This component was relatively easy to identify in multi-component spectra, with both its narrow hyperfine separation (2Azz = 30.9 G) and its narrow line width (2.2 G for the low-field peak). Most αIIΔR1 spectra, except spectra 39 – 46, clearly consisted of this component (Fig 4). We referred to this component as Component I. We subtracted the L9R1 spectrum from spectra 10 – 47, guided by its distinct sharp line and narrow hyperfine separation, until the sharp signals were removed. Under-subtraction showed spectra with reduced sharp signals, and over-subtraction showed distorted spectra. Subtractions for spectra 39 – 46 resulted in spectral distortion indicating that these spectra contained only insignificant amounts of Component I.
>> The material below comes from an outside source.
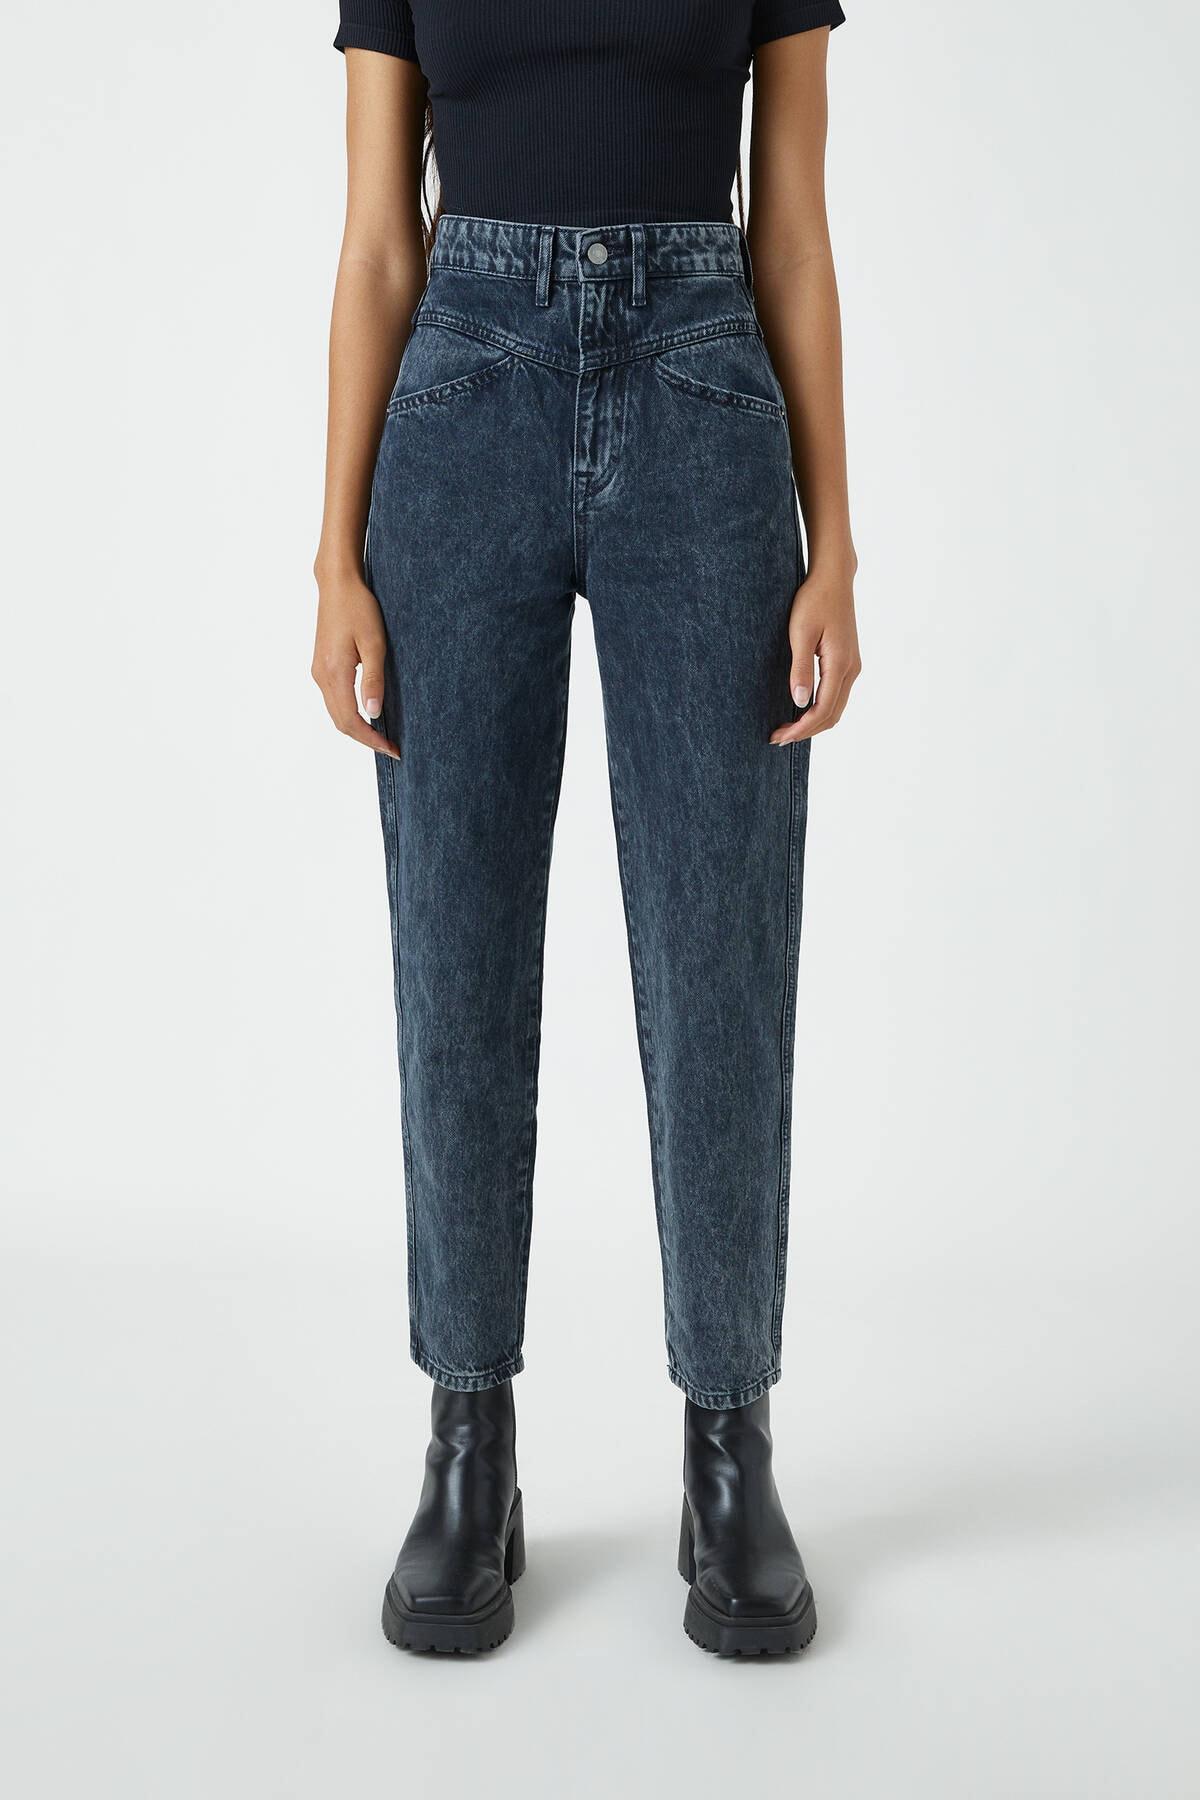 Pull & Bear Kadın Siyah Yüksek Bel Straight Fit Jean 09683335 2

Spectra 39 – 46, particularly spectrum 46, showed substantial amounts of a strongly immobilized component, with a large hyperfine separation (2Azz = 67.6 G). We simulated the spectrum of Y46R1 with two components and obtained an excellent fit (Fig 4). For the slower component, we used the following magnetic tensor values gxx = 2.0077, gyy = 2.0059, gzz = 2.0022; Axx = 5.5., Ayy = 5.6, Azz = 35.5 (48), and we fixed rbar = 6.50 or τc = 53 ns; c20 = 5.50 or S20 = 0.80, and varied only gib0 and N. The values of gib0 = 3.79 and N = 0.58 gave the best fitted spectrum. The parameters for the faster component were gib0 = 0.01; rbar = 7.63 or τc = 3.91 ns; c20 = 1.14 or S20 = 0.32; N = 0.39.

We fixed the slower component τc to 53 ns since the calculated rotational correlation time was 53 ns using an Azz value of 33.8 G from the F46R1 spectrum and an empirical formula (48). It is also interesting to note that the rotational correlation time calculated for our protein was 58 ns for rotation about the major axis assuming it to be a prolate ellipsoid (32) in 30 % sucrose, with a Rh value of 3.9 nm from dynamic light scattering (see above, Protein Characterization). This slower component in F46R1, referred to as Component III (Fig 5A), was thus probably from the labeled side-chain that was strongly immobilized, with the rotational motion of the protein as the observed motion for the label. It should also be noted that both the experimental detection and the NLSL simulation was not as sensitive to motions slower than 20 ns and therefore the simulated/experimental spectrum for τc of 20 ns does not differ much from that of 53 or 58 ns (50).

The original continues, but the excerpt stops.